Brakpan is a mining town in the Gauteng province of South Africa.

History
The name Brakpan comes from a small pan on a farm called Weltevreden, which was filled with very brackish water and was probably referred to as the "brakpan," and it was near this pan that the first settlement started. In 1888, a coal seam was discovered and a coal mine under the name of Brakpan Collieries was started. When a railway line was constructed from Germiston to Springs, Brakpan became one of the stations along the route.
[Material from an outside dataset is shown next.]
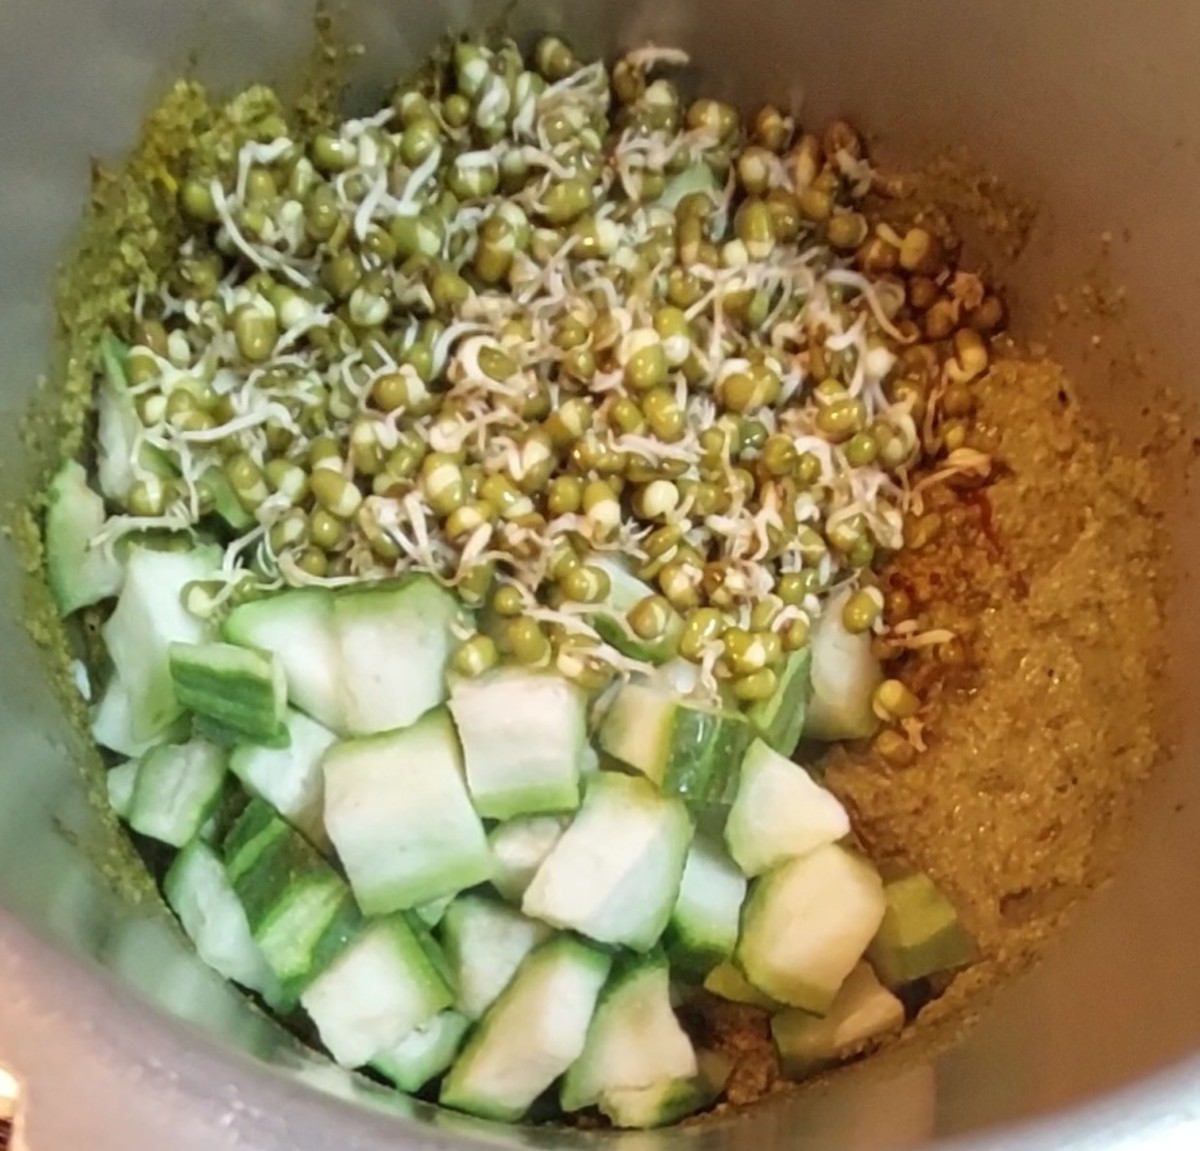 Add chopped ridge gourd and 1 cup green gram sprouts. Mix to combine with the spices and ground paste.

With gold fever running high on the Witwatersrand in the early years of the twentieth century, it was not long before gold was discovered. In 1905, Brakpan Mines Company sunk its first two gold mining shafts. One of its claims to fame was that it had the highest mine dump in the world at that time,  above ground level. This was higher than any of the pyramids of Egypt except the Pyramid of Cheops.

From 1905 the village began to grow rapidly, remaining a suburb of Benoni until 1912 when it was granted the status of a municipality and proclaimed as a town. Brakpan's central position makes it a good distribution centre for industry, especially engineering works and foundries. In the late 1990s the municipality approved the construction of a huge casino and entertainment complex, Carnival City, which opened the town to tourists and provided much-needed jobs for the people.

The first activity which drew people to the area was the British coal mining in 1888 and the large coal powered power station also built by the British. A tram line to Johannesburg was built at this time to service the power station.

The Main Reef Road (today part of the R29) linked Brakpan to all the other mining towns in the Witwatersrand. Brakpan was a suburb of Benoni from 1914–1919, when it was granted municipal status. The Brakpan miners were involved in the miners' strike of 1922. The town has gradually lost its importance as a gold mining area as the surrounding mines suffered from low yield over high cost. Many British residents emigrated during the apartheid era leaving a vacuum in the town which was filled by mostly Afrikaner farmers who had lost interest in farming.

Situated between Springs and Benoni, it forms part of the Ekurhuleni Metro. The main road through town is Voortrekker Street.

Brakpan is often used in memes in South African online communities, often depicted in a way similar to Southern US locations in US centric memes.